◆ Data for analysis
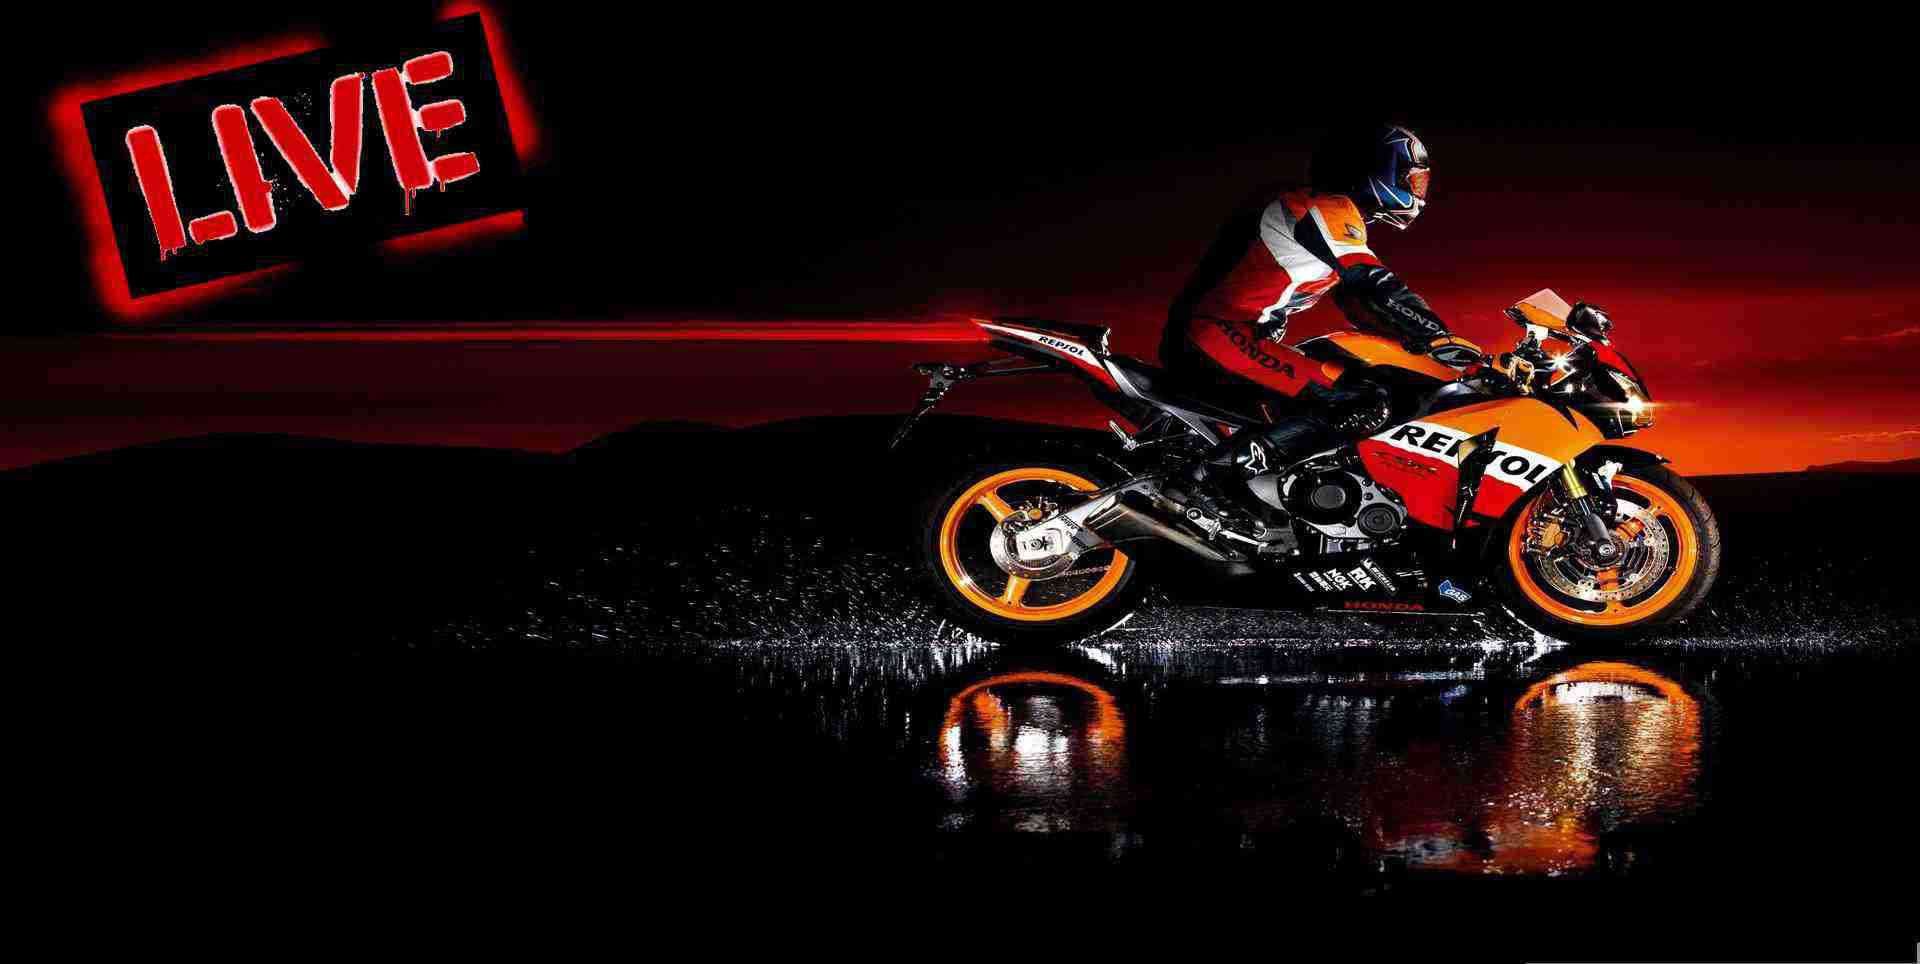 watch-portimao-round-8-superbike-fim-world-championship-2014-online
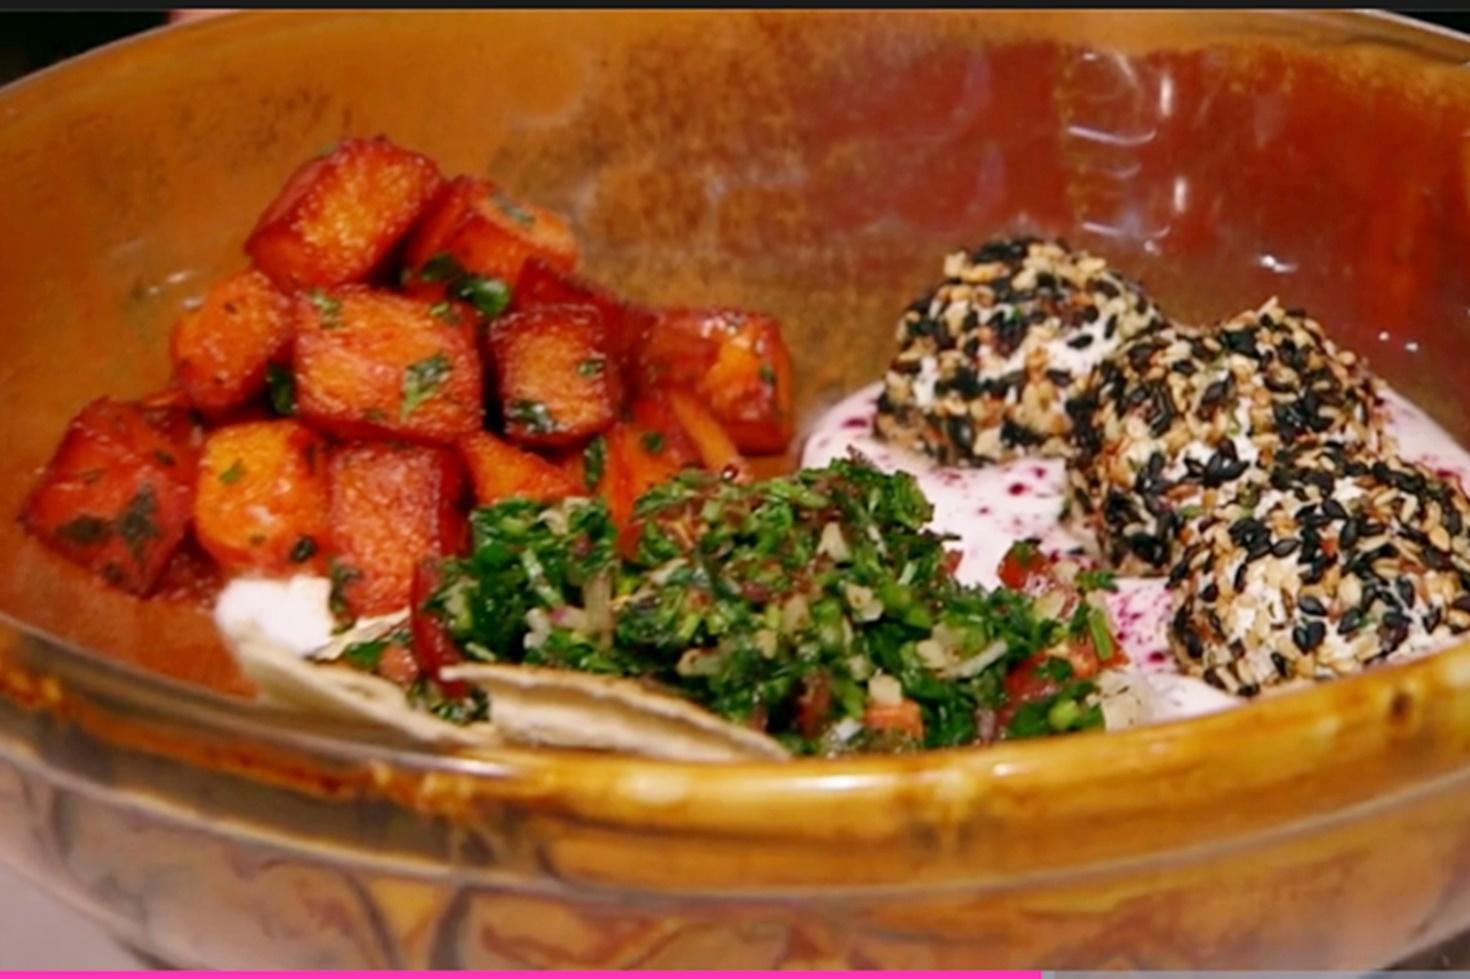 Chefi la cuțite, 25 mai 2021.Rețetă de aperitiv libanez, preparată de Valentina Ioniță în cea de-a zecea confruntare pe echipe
--
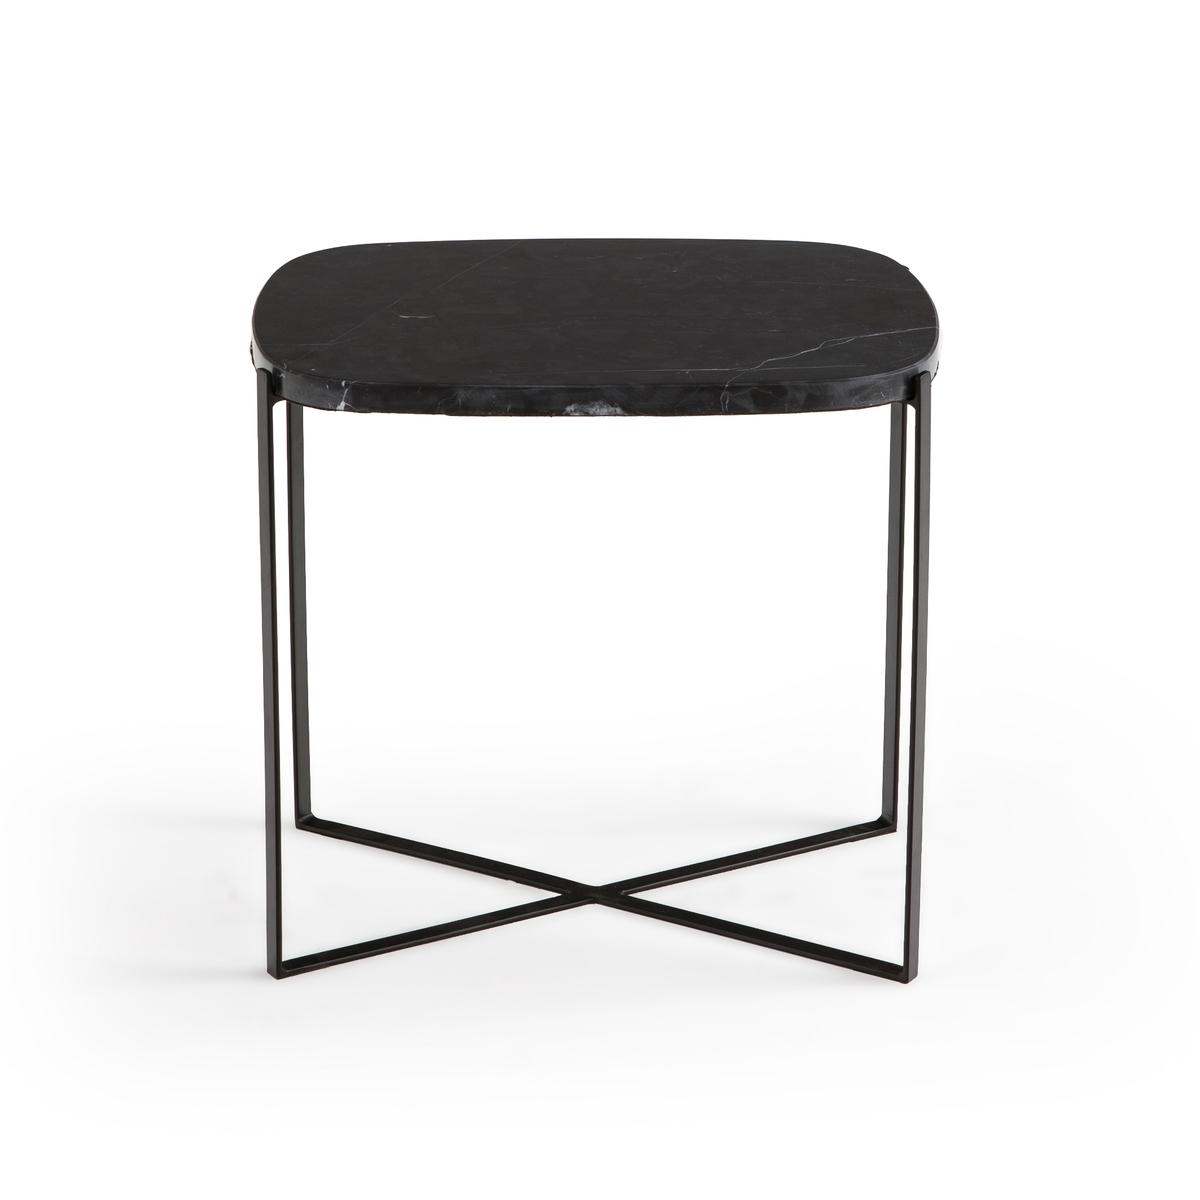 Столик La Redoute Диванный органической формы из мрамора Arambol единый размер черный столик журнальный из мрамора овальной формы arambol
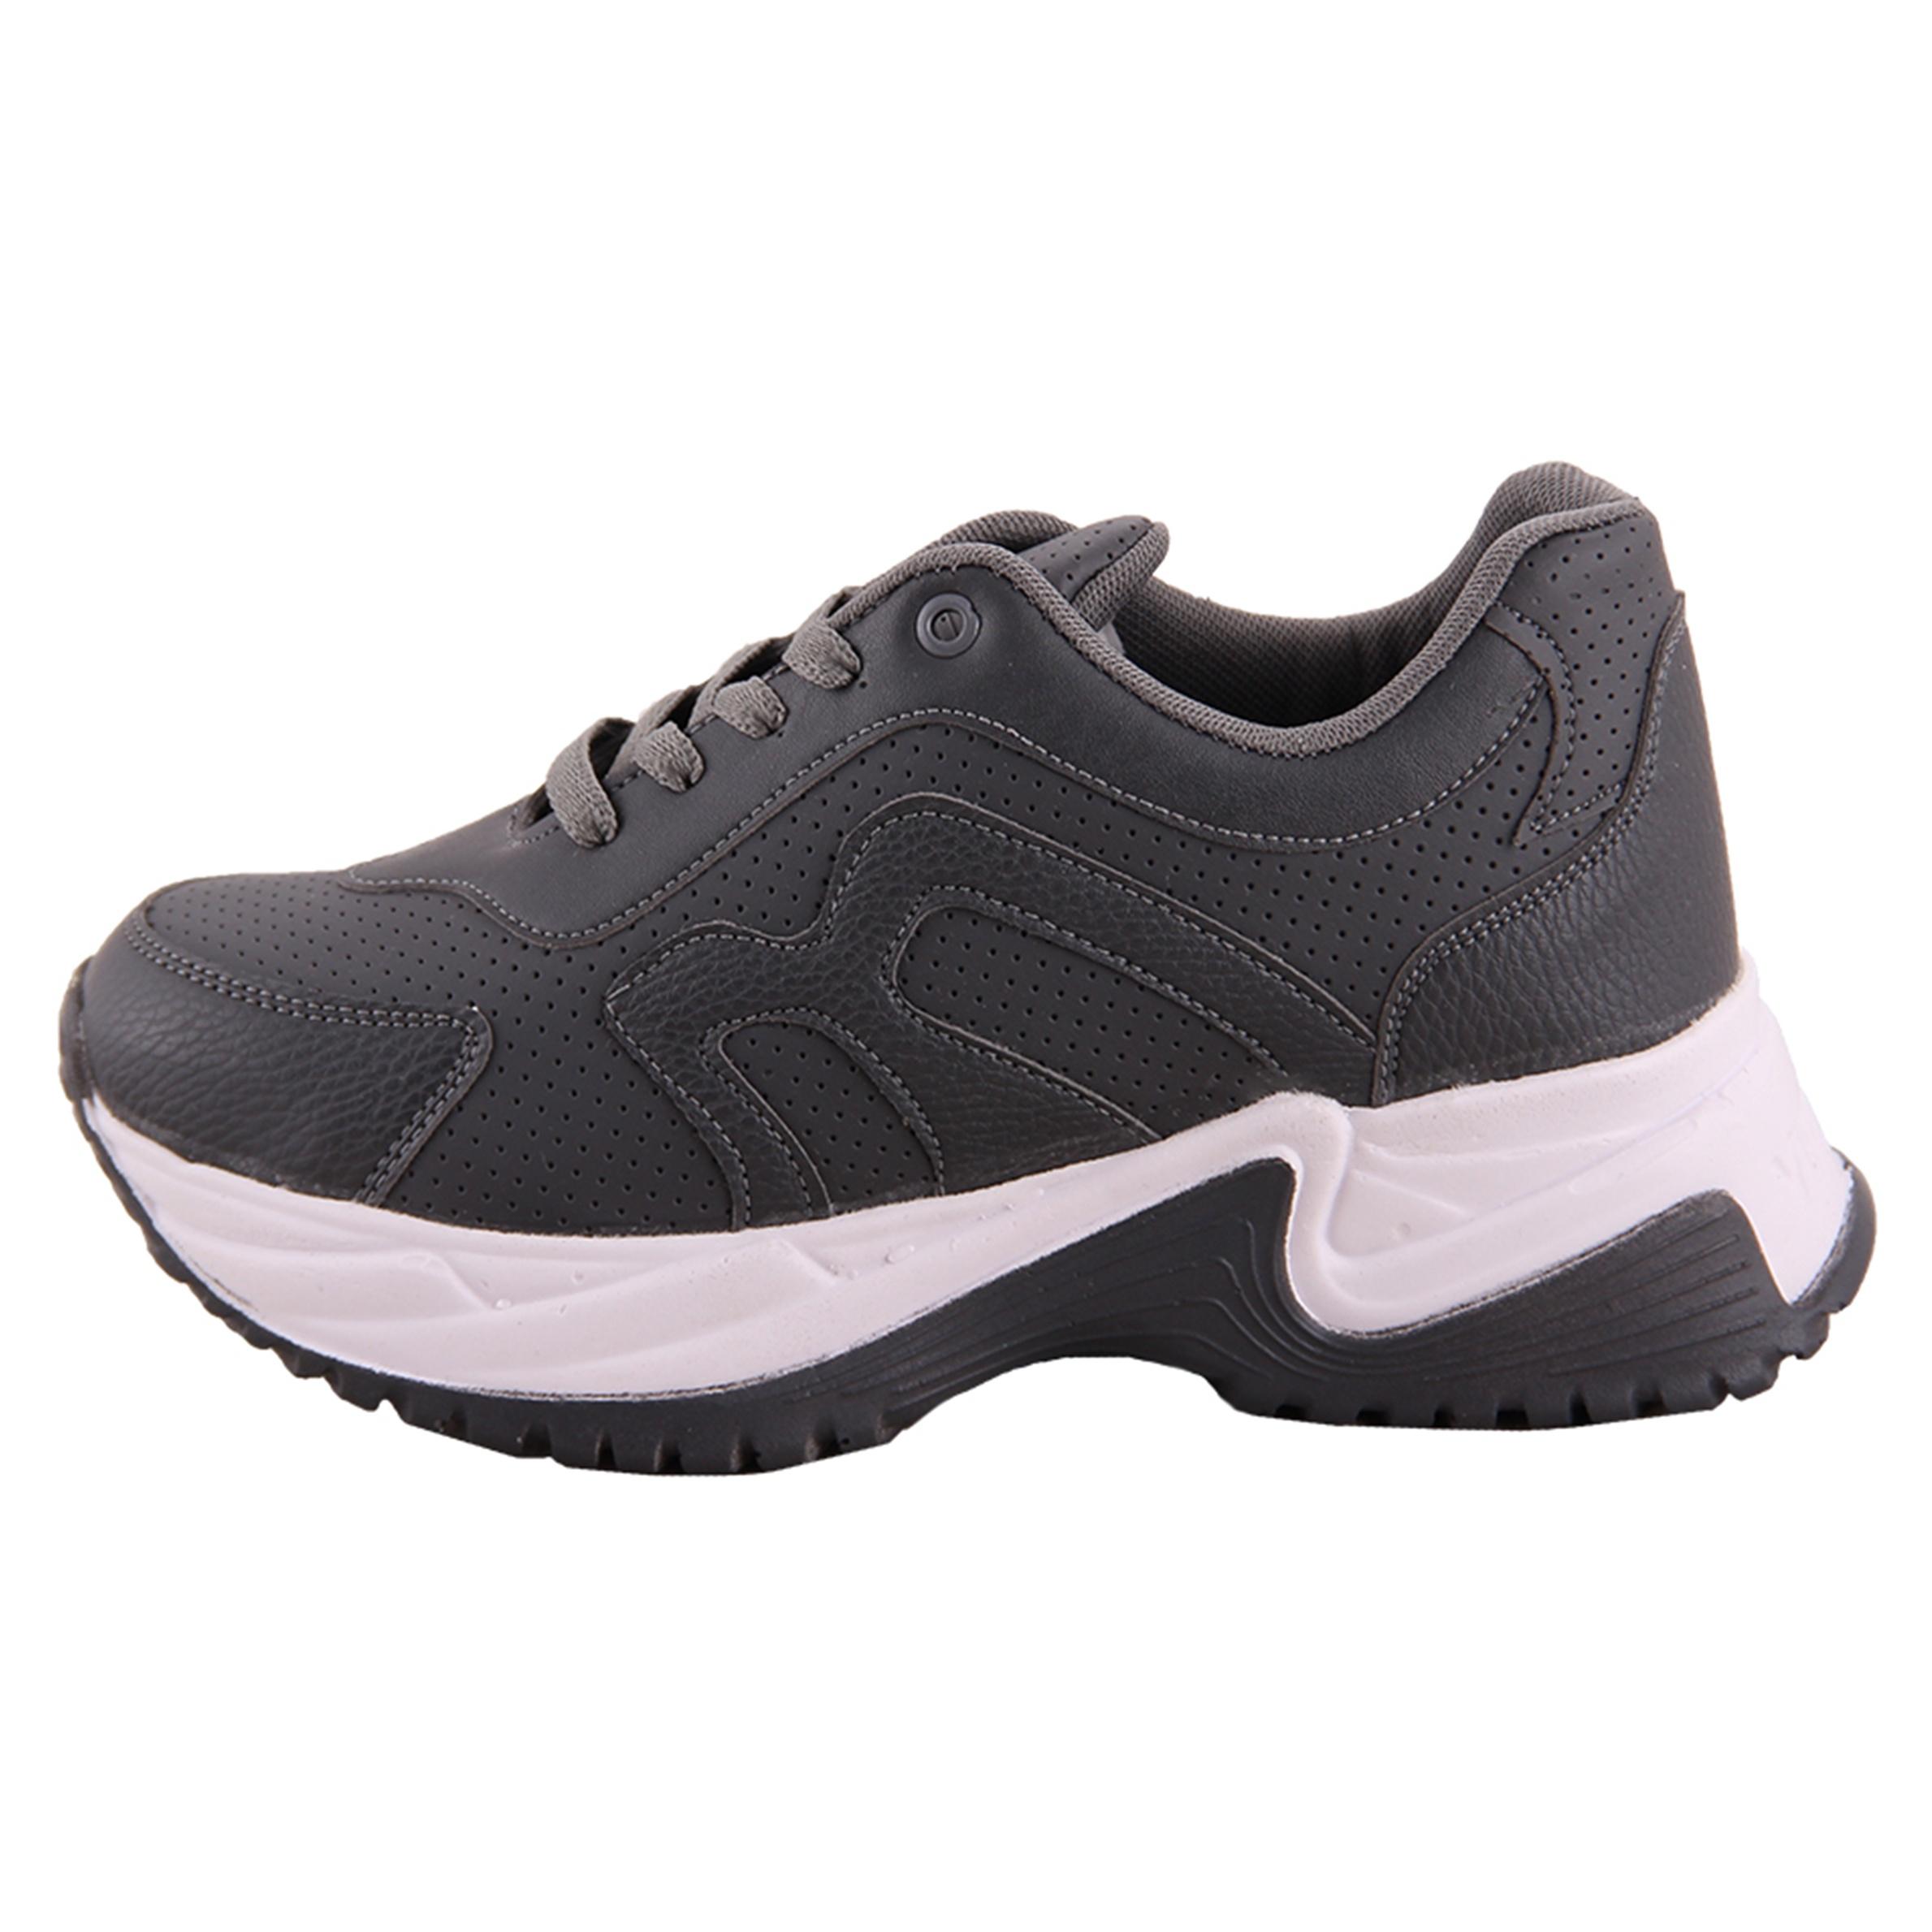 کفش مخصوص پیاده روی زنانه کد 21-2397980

◆ Work request
Using the records above, print exactly the lines between the ones containing "Столик La Redoute" and "کفش مخصوص پیاده روی زنانه کد 21-2397980", inclusive, and nothing else; no pictures.

◆ Exercise output
 Столик La Redoute Диванный органической формы из мрамора Arambol единый размер черный столик журнальный из мрамора овальной формы arambol
 کفش مخصوص پیاده روی زنانه کد 21-2397980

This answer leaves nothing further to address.